What is the ground for classifying a new object if we just have some some examples?
How to we determine a proper class given a training set?
We may find an identical copy in the examples if we are lucky. If there are more identical copies and they belong to different classes we are in trouble. Now it depends on how the set of examples has been constructed. If the set is representative for the problem in the probabilistic sense a majority vote will be the way to proceed.
But what to do in case all objects are different as for most real world objects?
All objects are different, how to generalize?

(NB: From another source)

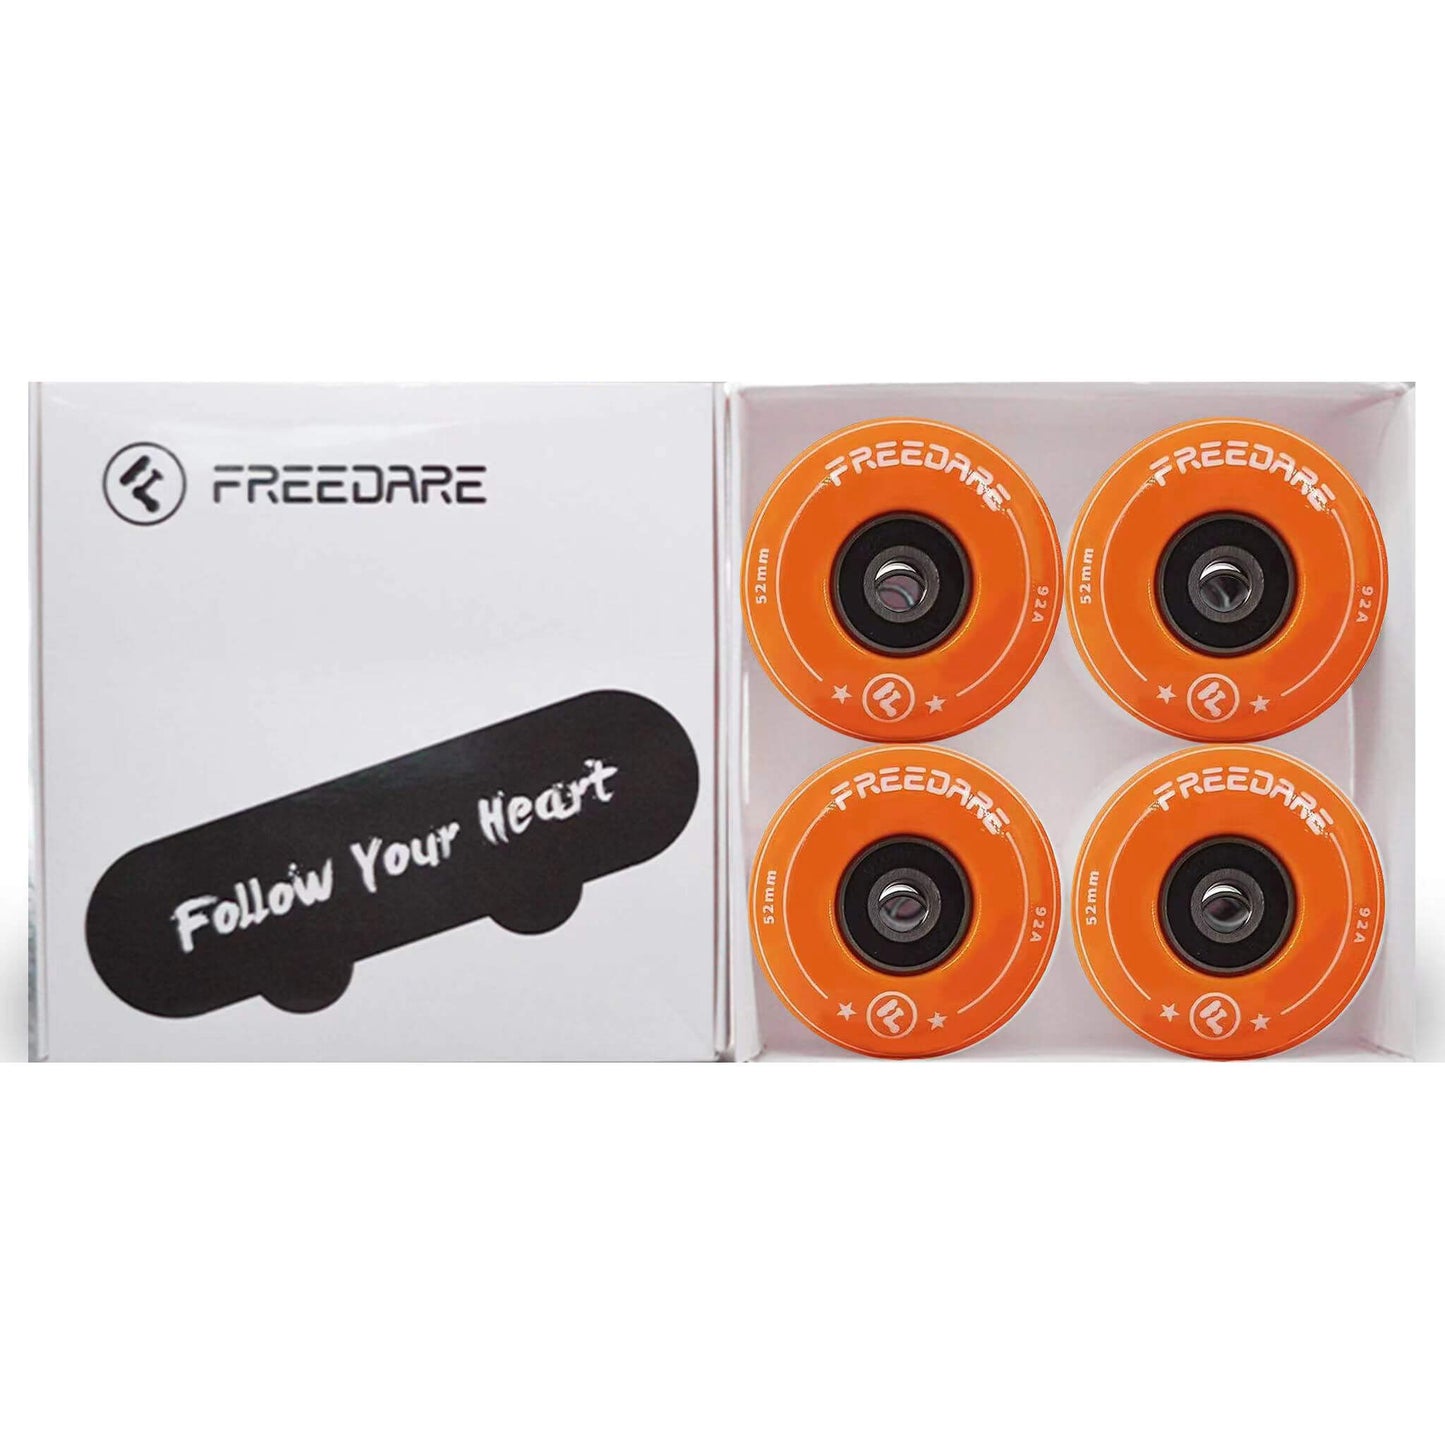 freedare-skateboard-wheels

If the examples are all different from the new object and we want to use them for classifying it, they should be related. It is then necessary to find an object representation that enables us to relate them. By this a distance or a similarity may be obtained for the new object to all objects in the training set. What to do now? What will be the next step after for instance all distances have been obtained. There are two directions to obtain an answer.
Distances
First we may have a look at the most similar object in the examples, the nearest neighbor. Its class may be used for classifying the new object. All other objects in the set are neglected, just the nearest one is used. An argument for that is that real world objects that are similar are expected to belong to the same class to have a similar representation. Objects that are very different will belong to different classes and have very different representations. So classifying by the nearest neighbor distance is a natural way to do. This assumes that the representation satisfies some continuous properties: small object differences will cause small changes in the representation.
Densities
A different way to find an answer is that we not just consider just the nearest neighbor but a set of neighbors, eventually all objects. Their distances may be weighted and result in a probability density estimate for each of the classes for the object under consideration. This is called a density kernel approach, or a Parzen density estimation. Instead some density model may be used, e.g. a normal distribution. In both ways the training set is used to build statistical models of the classes. New objects are assigned to the most probable class according to these models, possibly taken class priors into account.
Both
Distances may be considered as a local approach and densities as global. In practice most classification rules make use of both principles, with a few exceptions. Distance based classifiers like the Support Vector Machine that take class overlap into account have somewhere a probabilistic trade-off. Density based classifiers on the other hand, need to estimate densities. Density estimators are depend on the metric and thereby on distances.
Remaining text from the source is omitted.